» **Work task**: Exactly as written, set down each line of the data below except its pictures.

-- Data segment follows --

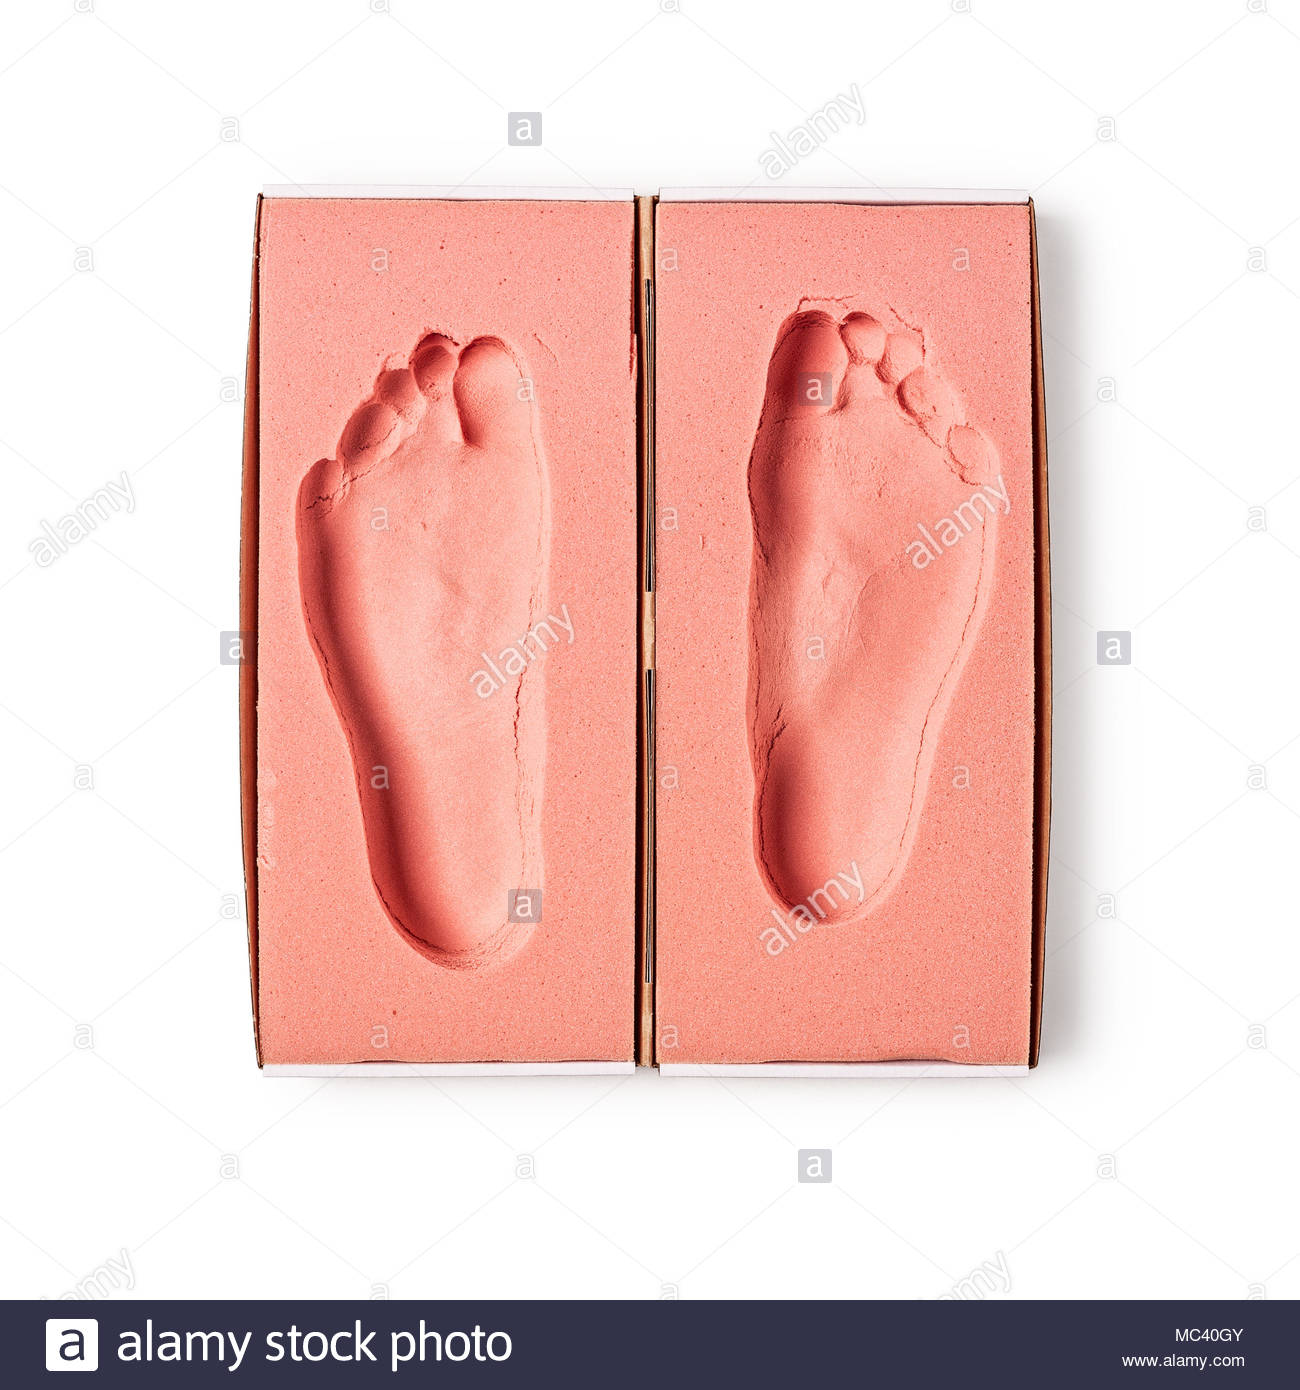 Orthopedic Footprint In Foam Block Isolated On White Background
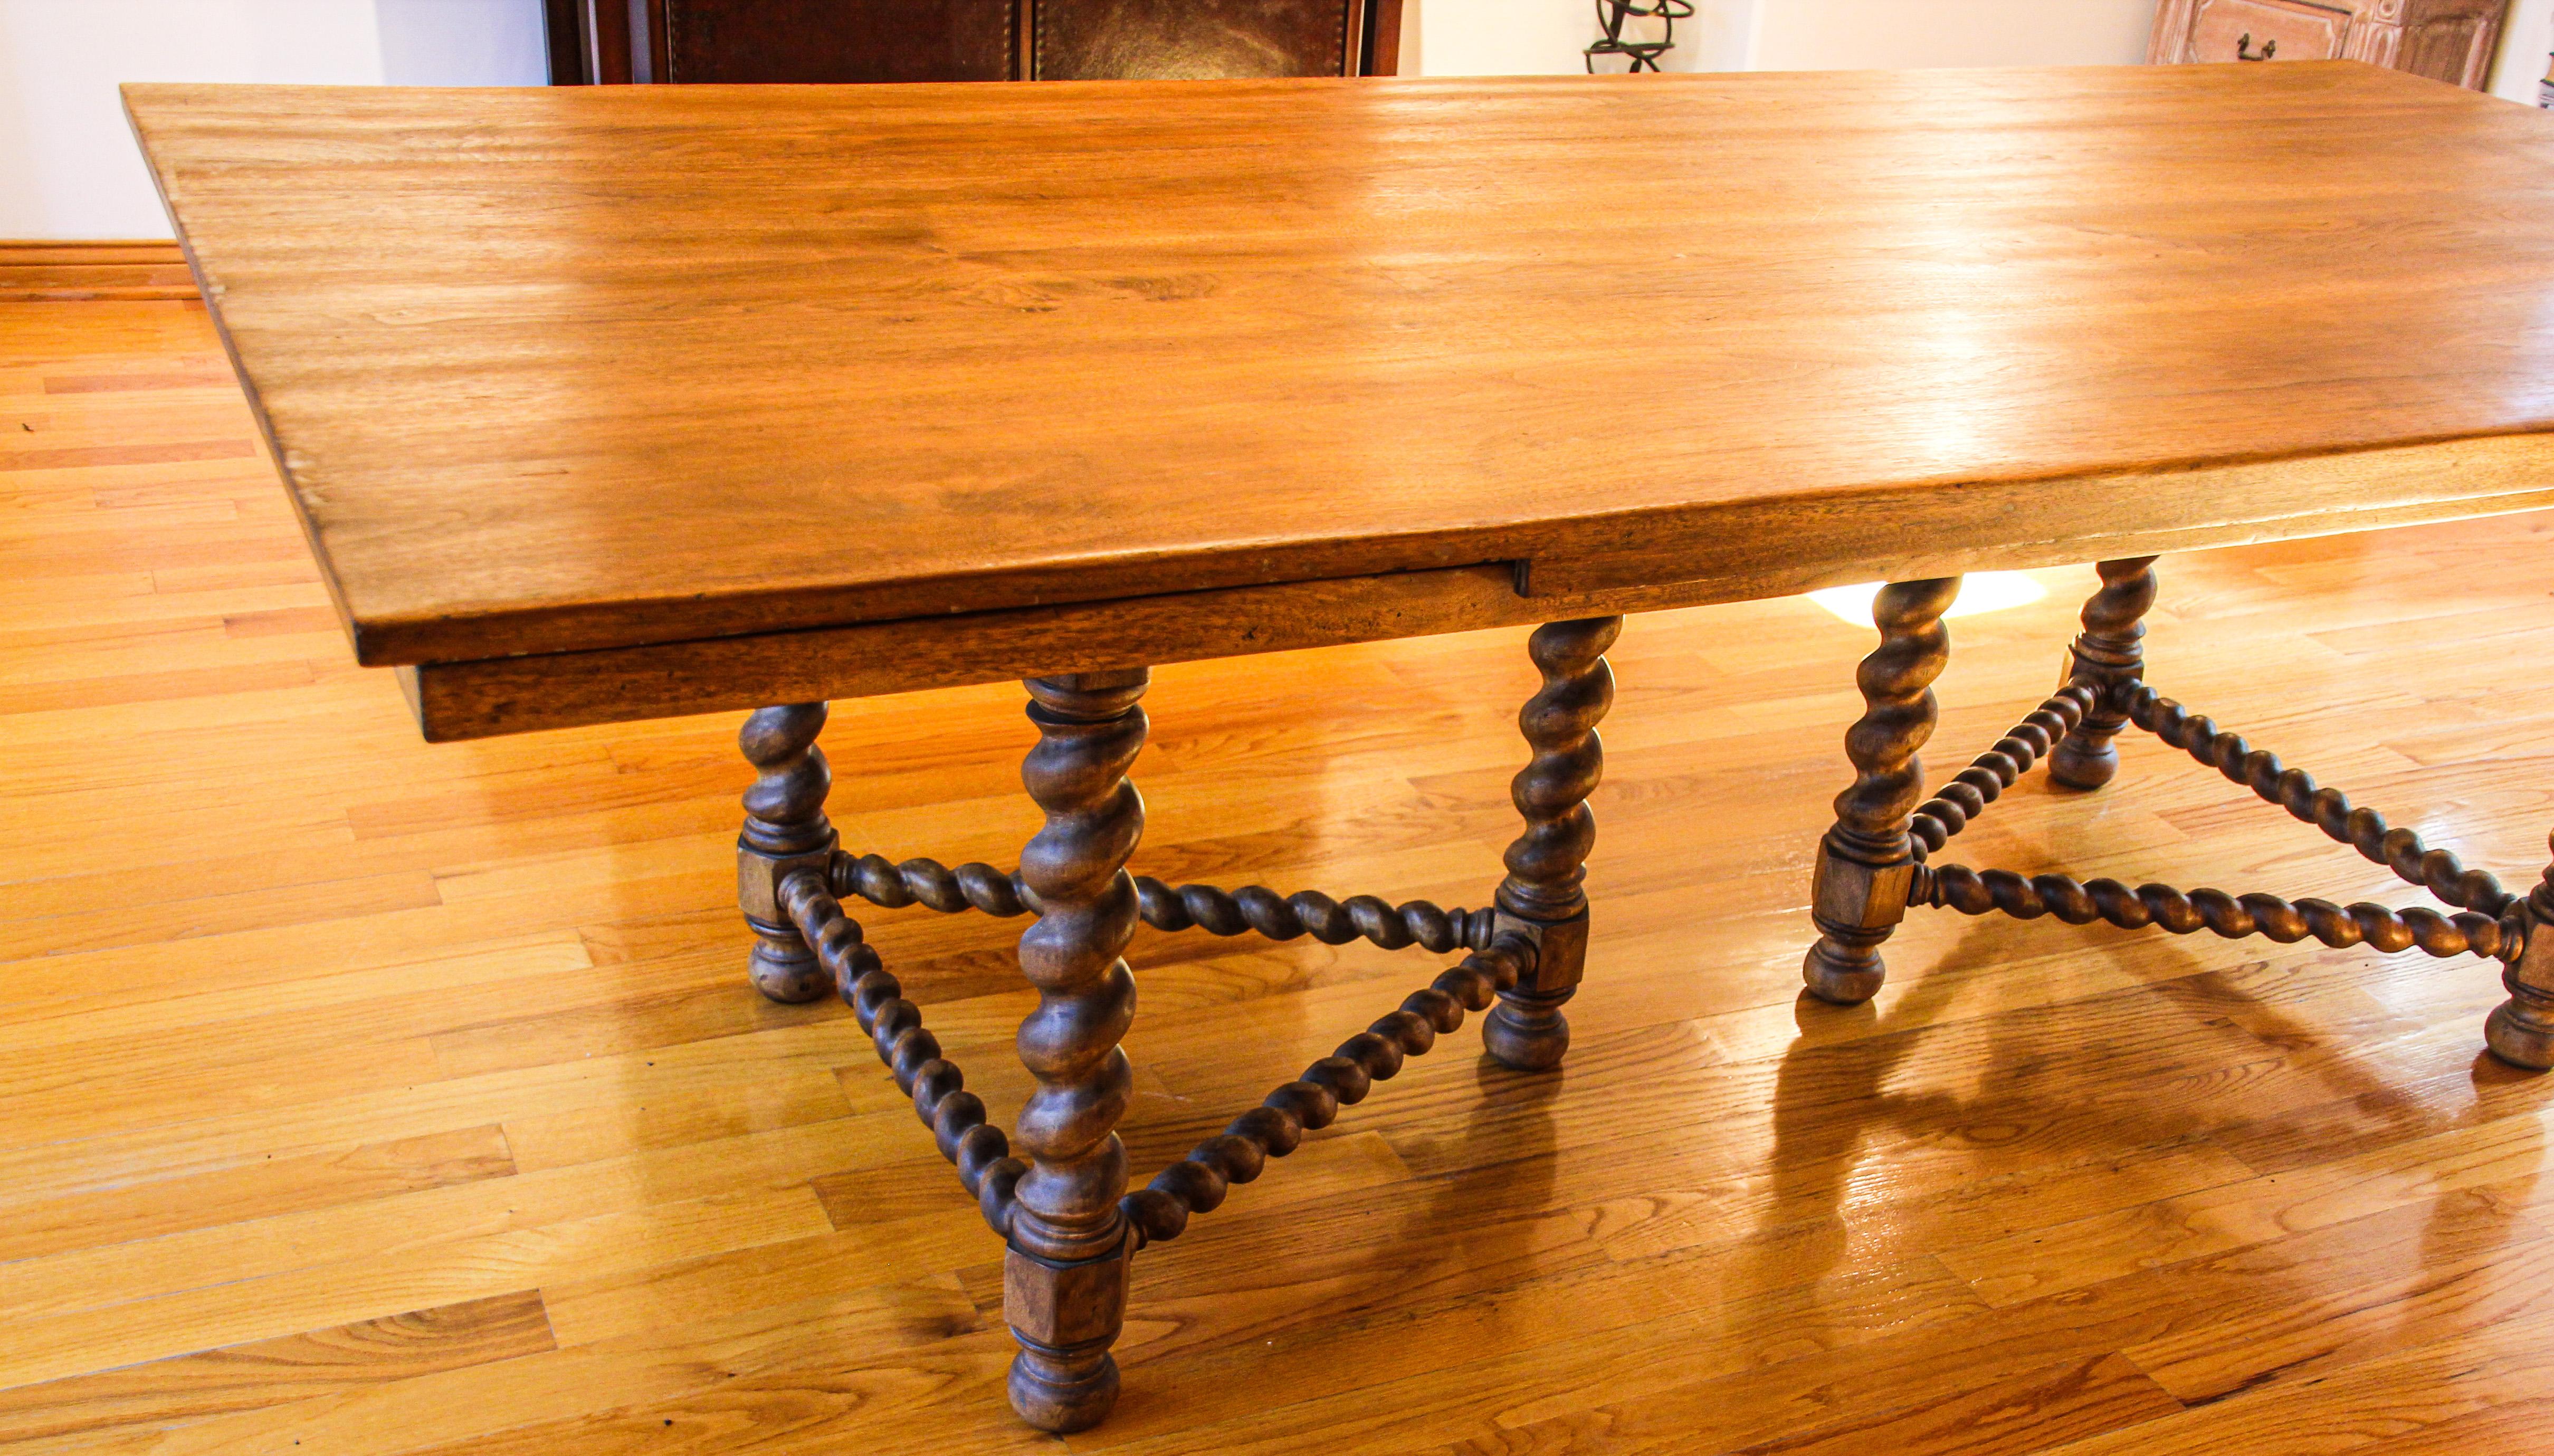 Hand-Crafted Antique Danish Dining Table with Turned Legs 19th Century
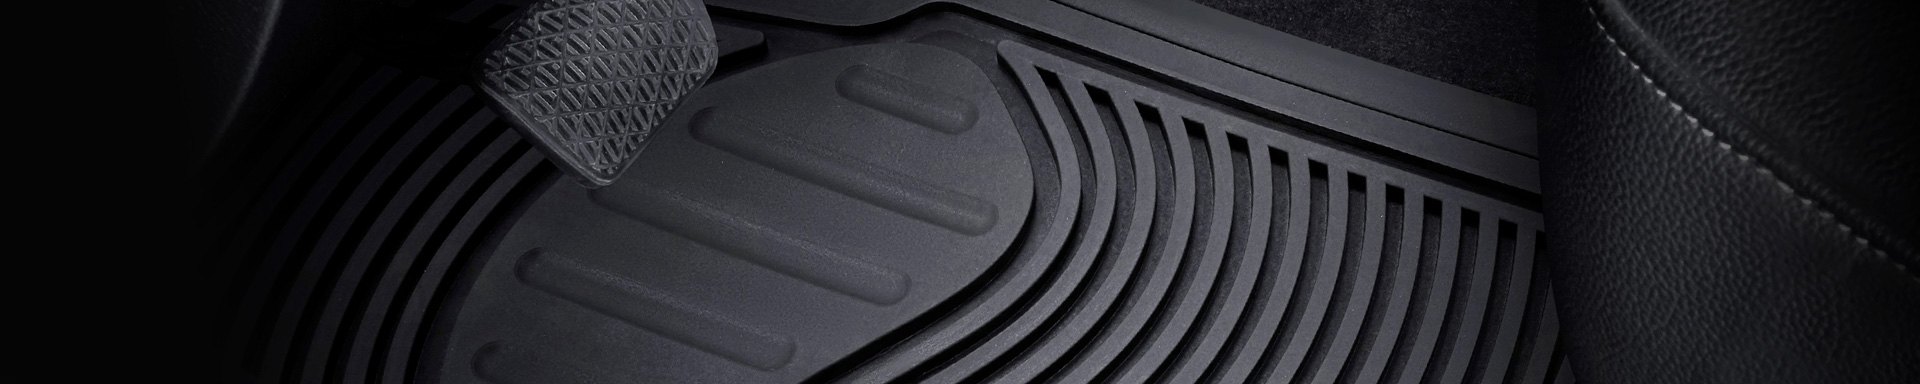 New Series Of Rixxu Trimmable All-Weather Floor Mats
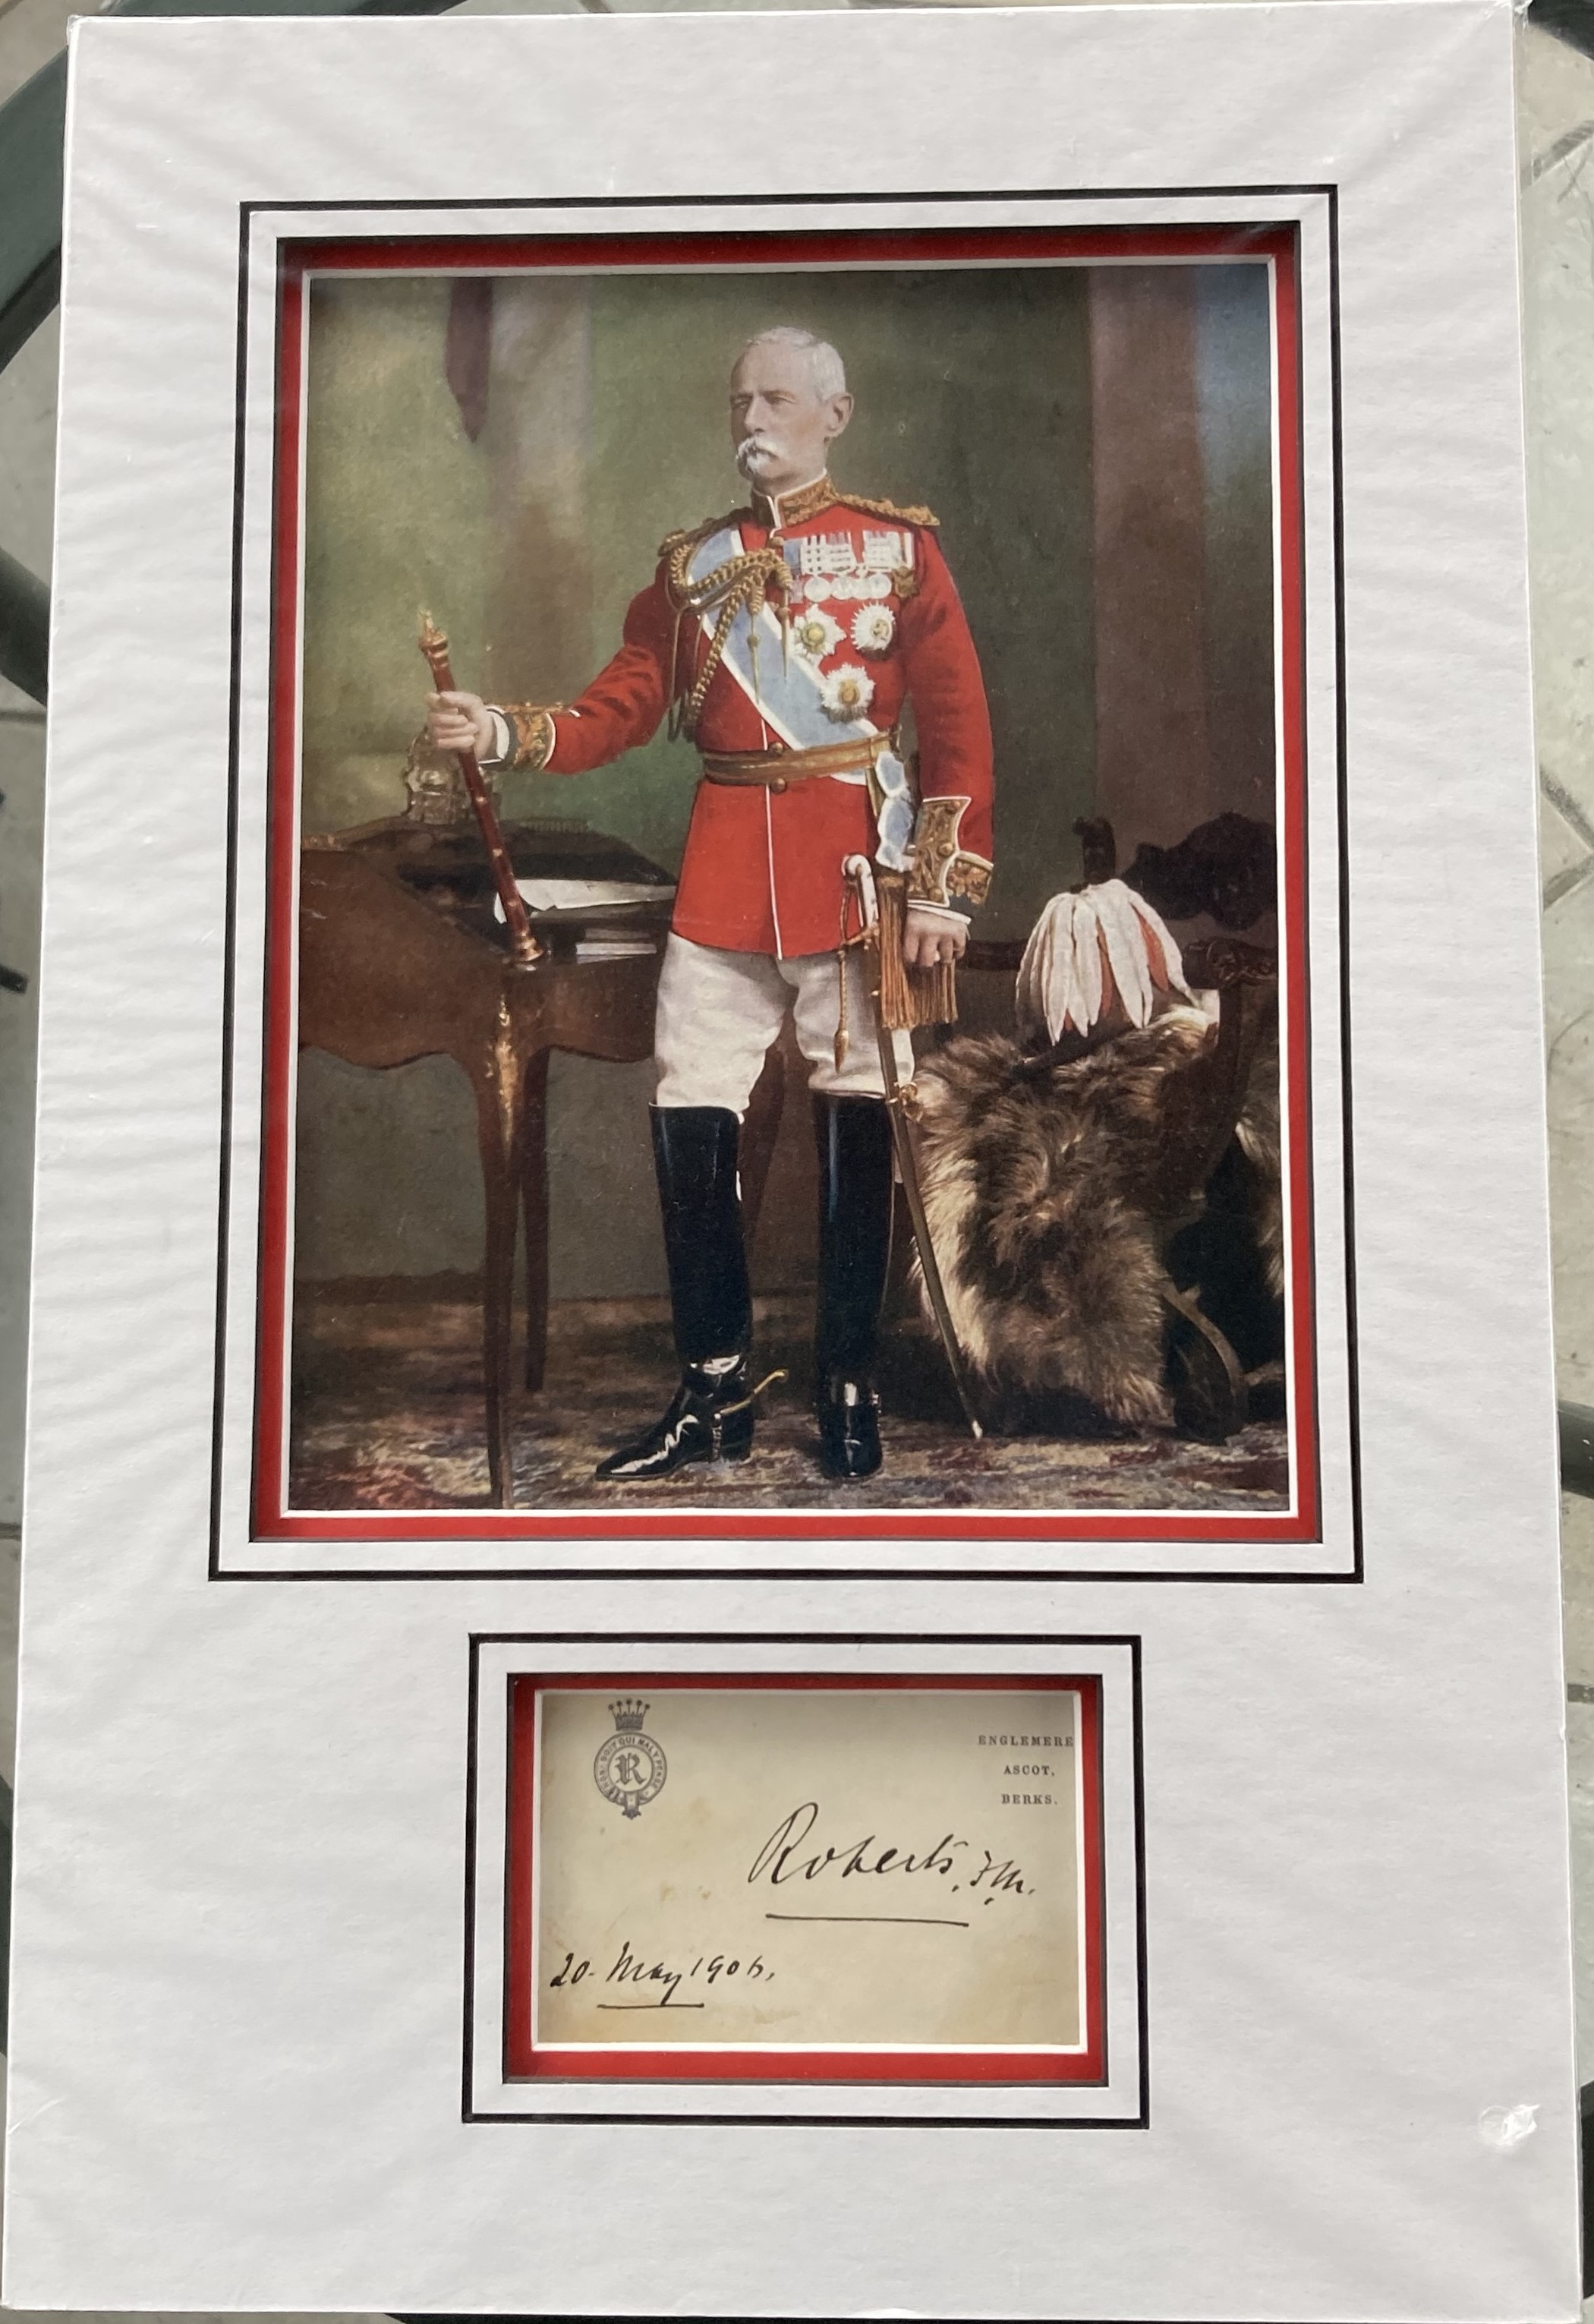 Field Marshal Frederick Roberts VC signed envelope mounted with 10 x 8 inch colour full portrait

-- Data segment concluded --

» **Solved exercise**:
 Orthopedic Footprint In Foam Block Isolated On White Background
 Hand-Crafted Antique Danish Dining Table with Turned Legs 19th Century
 New Series Of Rixxu Trimmable All-Weather Floor Mats
 Field Marshal Frederick Roberts VC signed envelope mounted with 10 x 8 inch colour full portrait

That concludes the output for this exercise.